The first thing about your Homerun is, be on high alert. There is no time for complacency. Changing suppliers is not an easy decision for companies, especially if there is a long history of working together with the incumbent competitor. The more complex the business you are trying to win is, the higher the chances of not getting the full business. From the buyer’s perspective, sure, they will let you go to 1st base. To hit that Homerun, you need to take the initiative to make the implementation as easy and comfortable as possible for the stakeholders you have been dealing with. What worked well for me was introducing a solid implementation plan:
- The upside-down pyramid. I pro-actively introduced my new customer to several support functions, including Customer Service, our Billing Department, etc. My primary contact always found it very useful to have a cheat-sheet of contact numbers where surprisingly, my mobile number was at the bottom of the pyramid. I explained that I was available, but it made more sense for them to have direct numbers to services that matter, depending on what they needed. Then I emailed them a Welcome Pack and instructed my Implementation Team to call the customer’s relevant departments for a quick introduction.
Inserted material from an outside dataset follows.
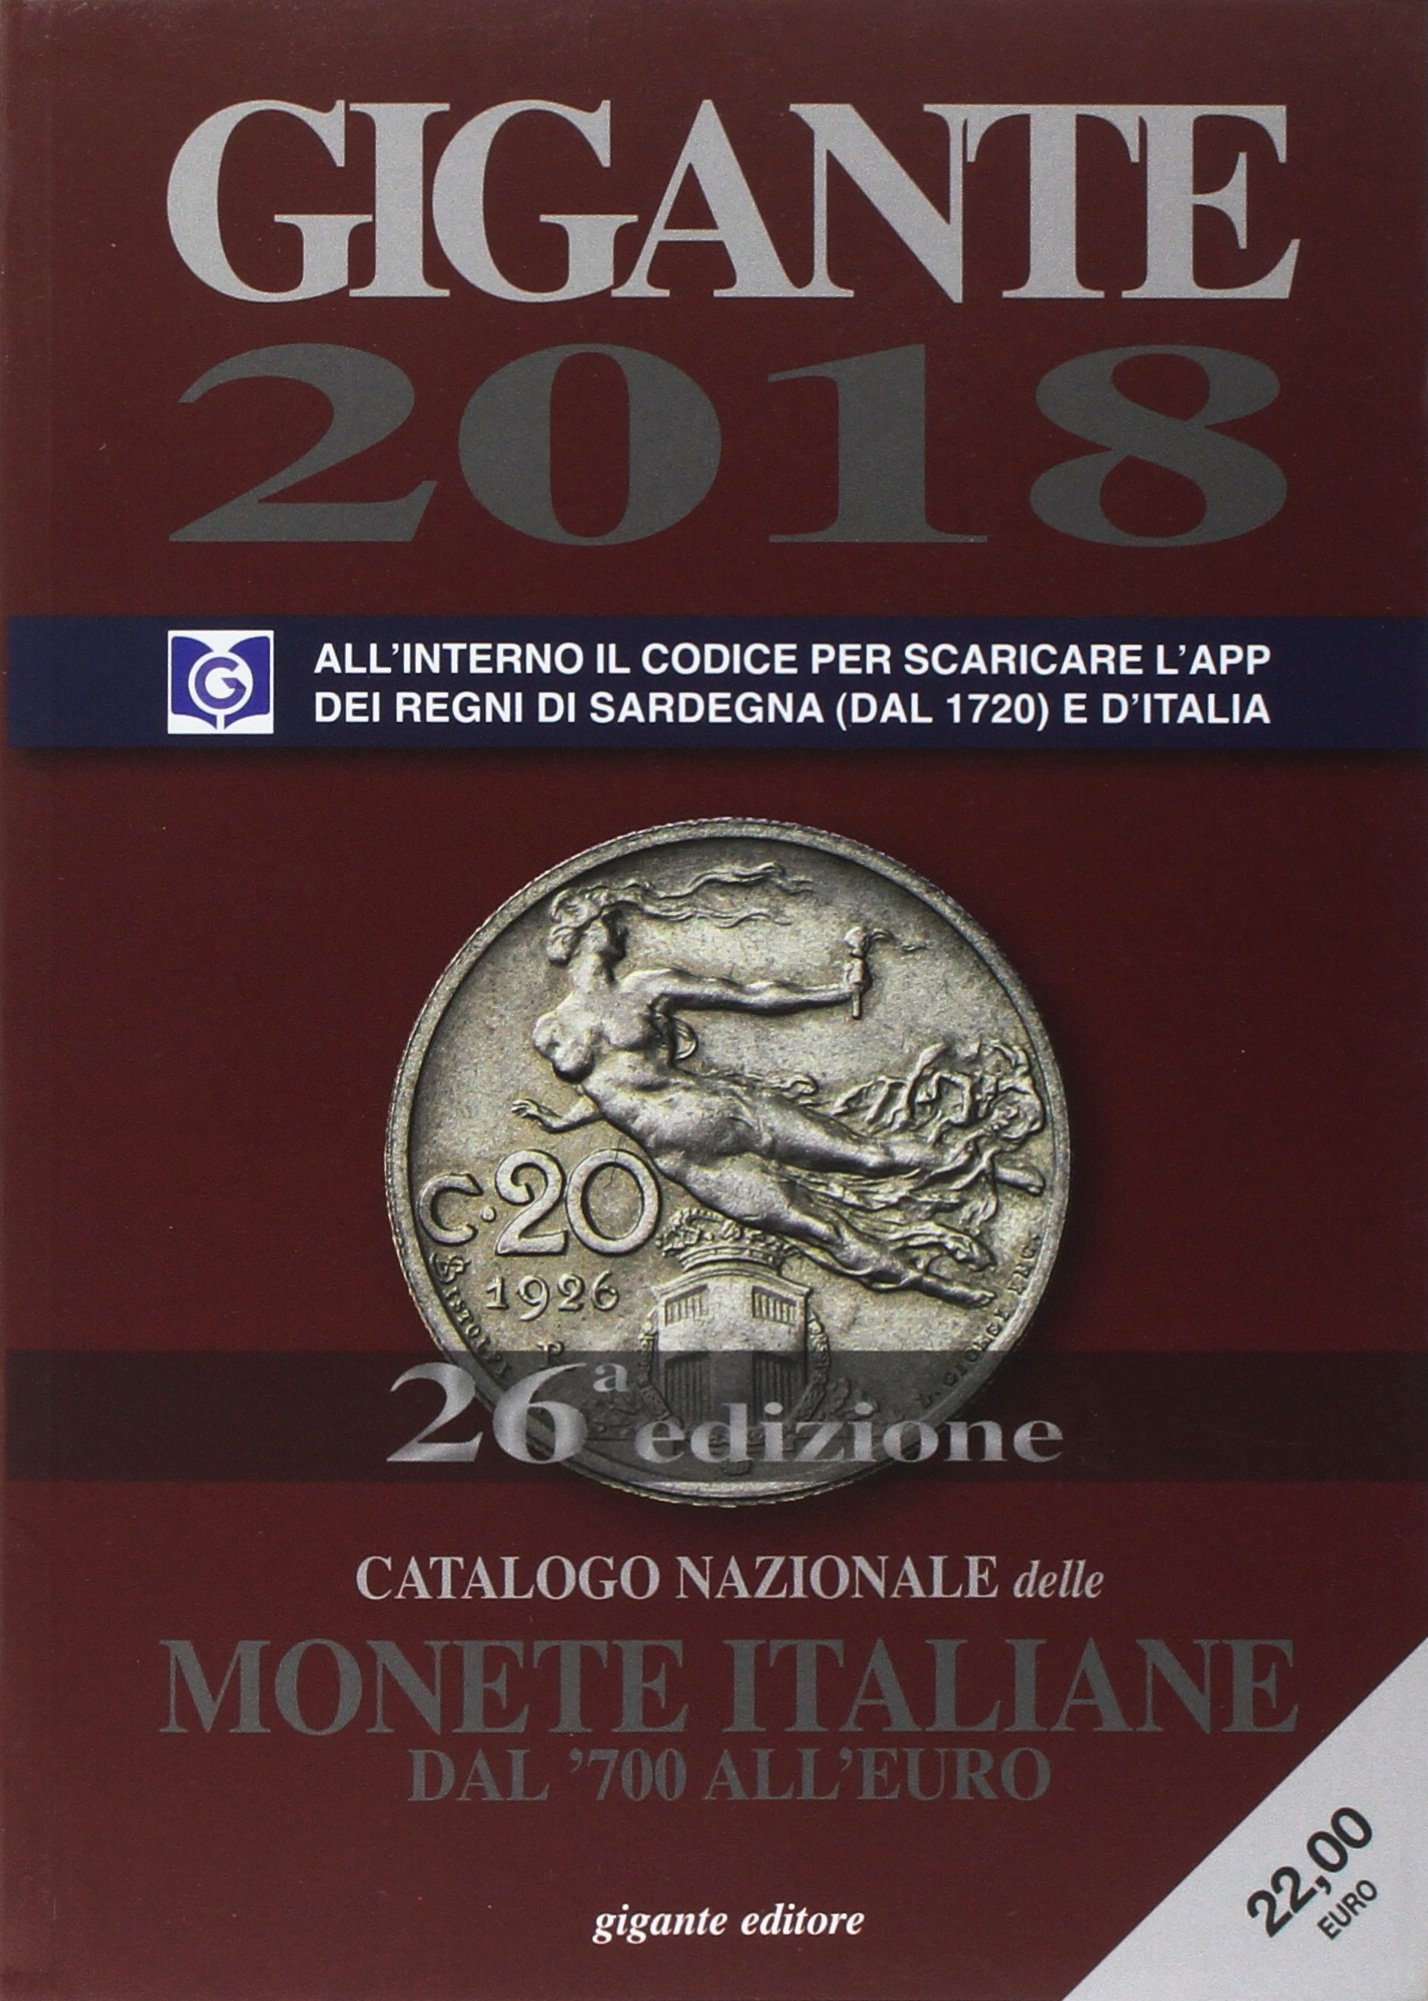 c20c80f380 Amazon.it: Gigante 2018. Catalogo nazionale delle monete italiane ...
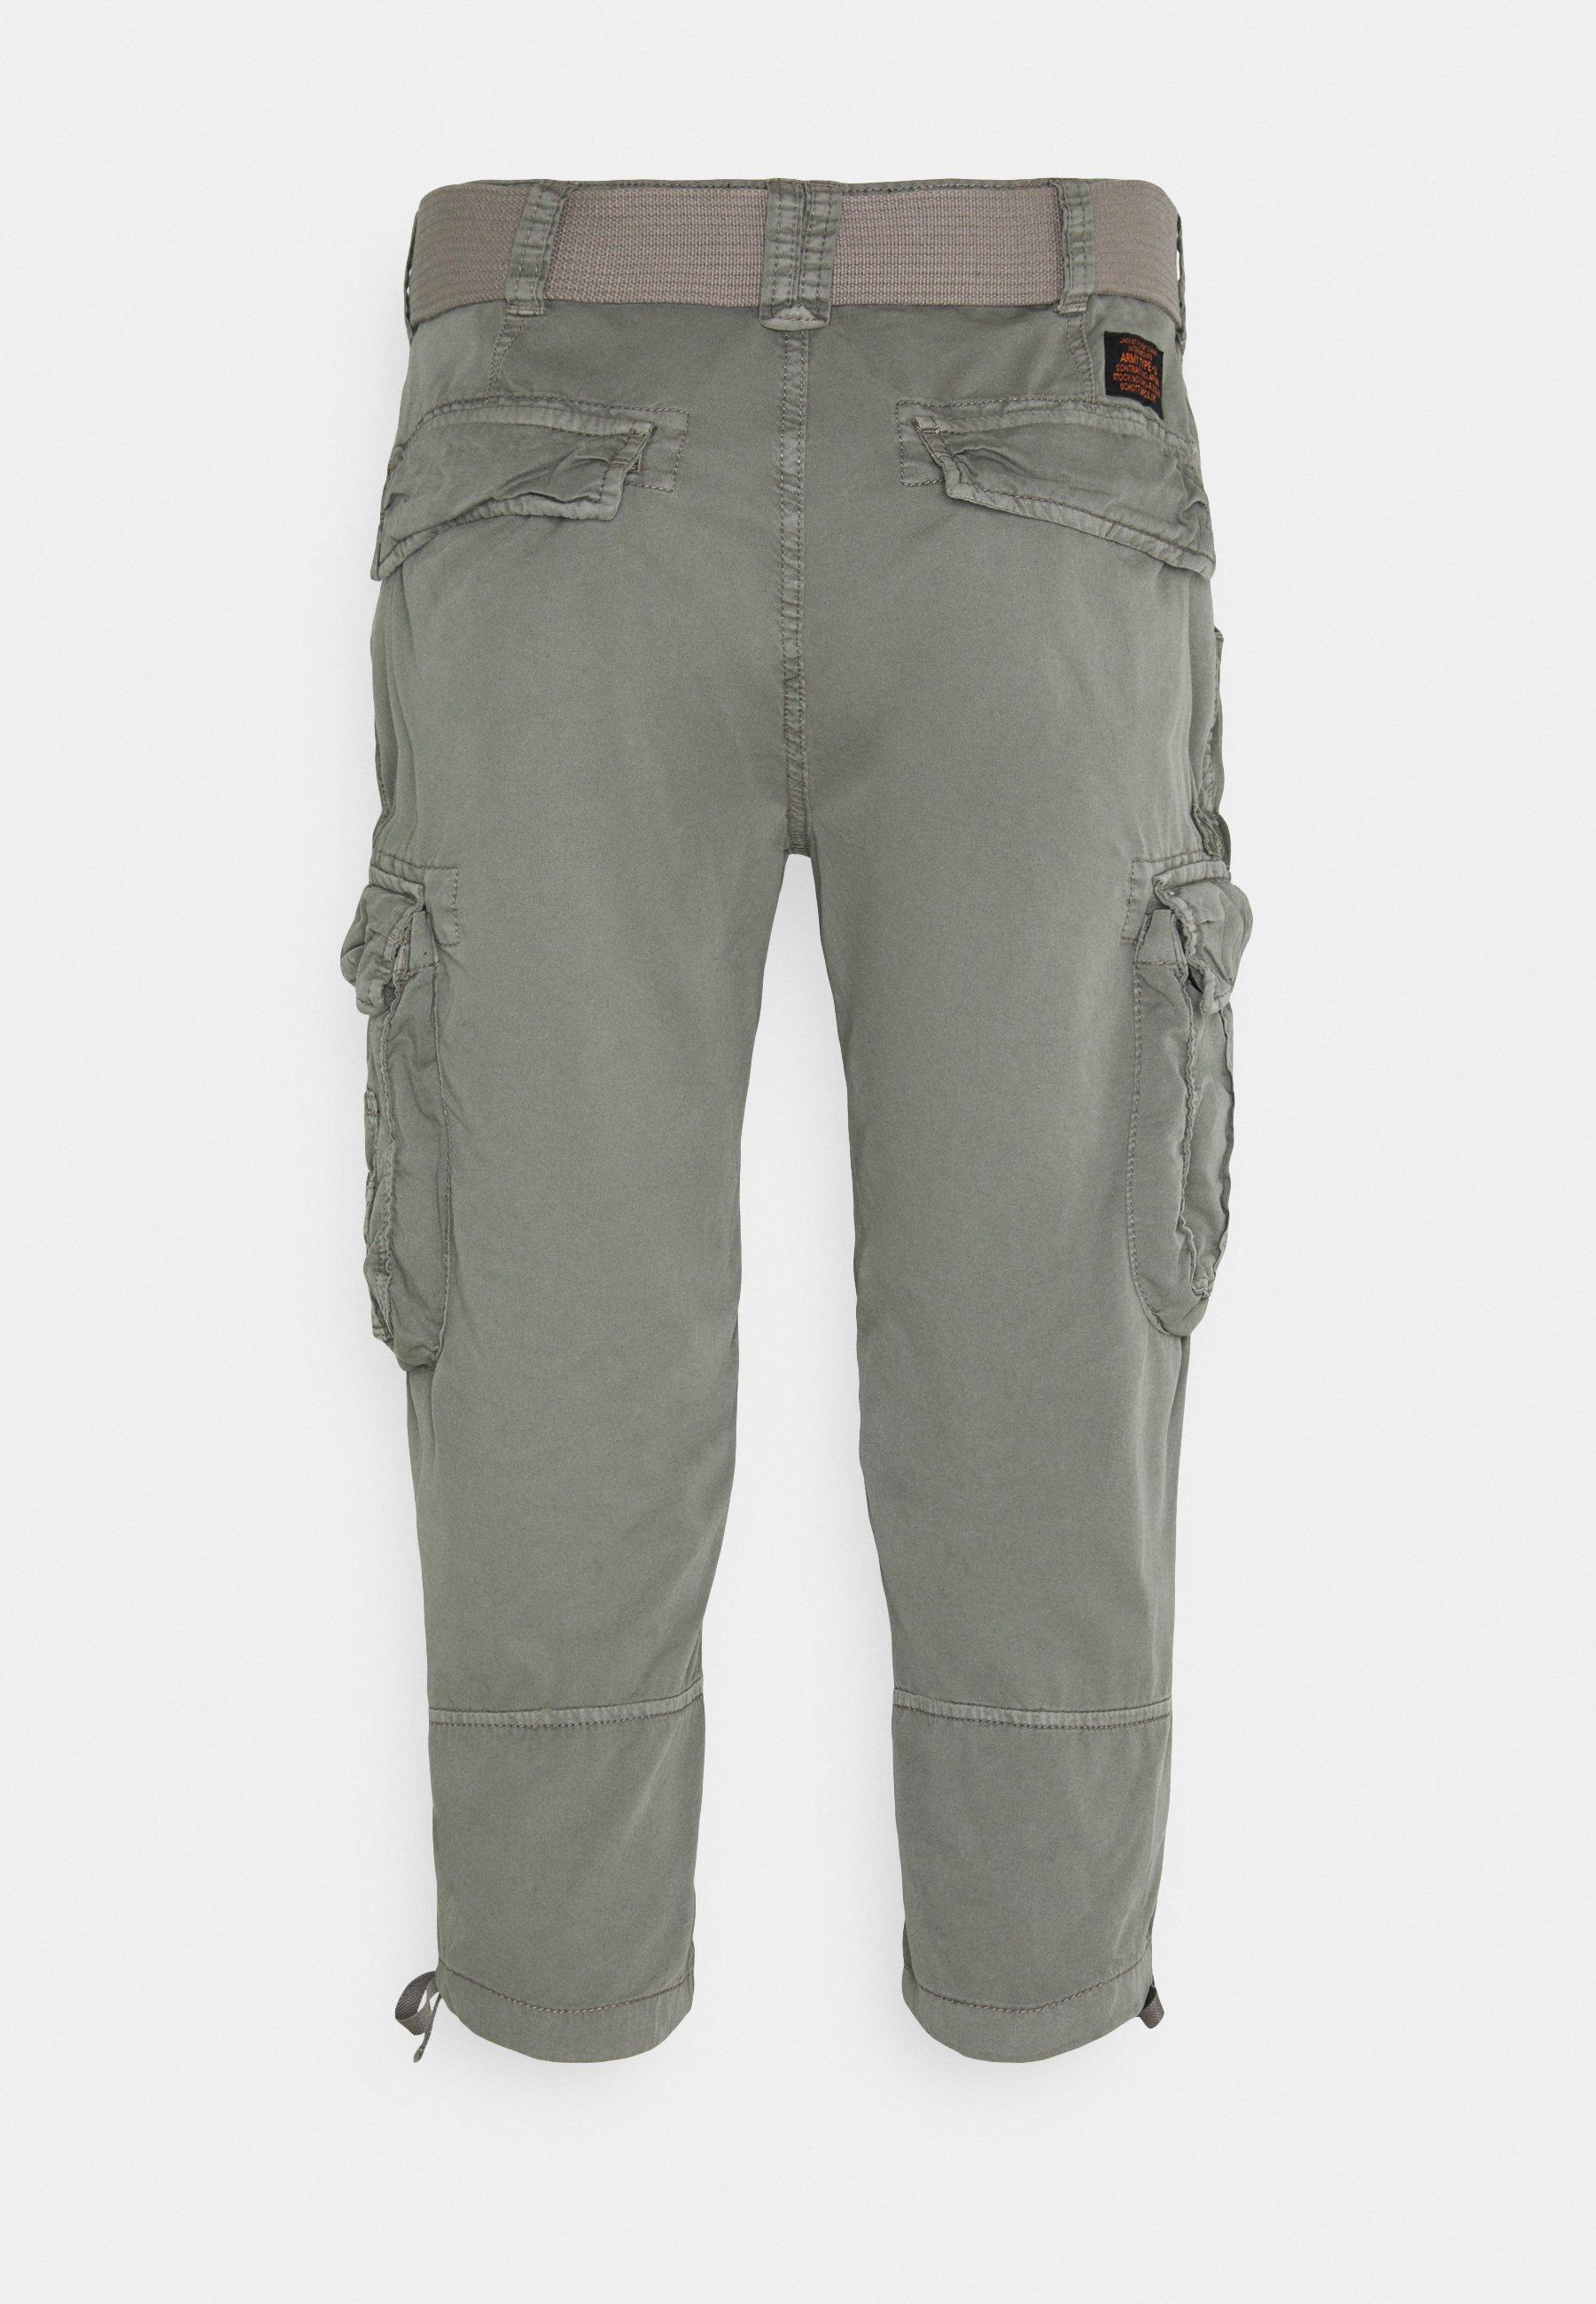 Pantalons kaki Kaporal en ligne | À commander sur Zalando

- Do the legwork. I made sure that the customer understood that I was part of the implementation plan. Meaning, I sold them the outcome, and I wanted to make sure they would get the results they were looking for. I offered to do the legwork to ensure every possible department where future orders could come from was on board to make the change. In this way, I met people I had not met before. This self-initiative was always appreciated…
- Propose a milestone plan. I did not leave the building before we had agreed on a starting date and expected milestones. This often looked like a ramp-up line with the expectation of gaining the full business in two months.
- Reinforce the commitment to change. It is never picture-perfect. Although I had the buying group’s commitment, I reinforced the reason for changing and the additional strategic value at every meeting. Here is where “keeping an eye-on-the-ball skill” came in. I wanted that Homerun.
- Check-in on key milestones. Lastly, I blocked my calendar and invited my main contact to evaluation meetings for the following three months to assess the progress. I had the performance data ready, and we ironed out any start-up challenges. I continued to show I wanted to take ownership of the outcome, which was my promise to help with the customer’s success.
Too often, the implementation phase is left to the customer. If you do that, you are running with your eyes closed and hoping that everything will go well. Don’t get caught by surprises. Keep your eyes on the ball and ensure a solid Homerun.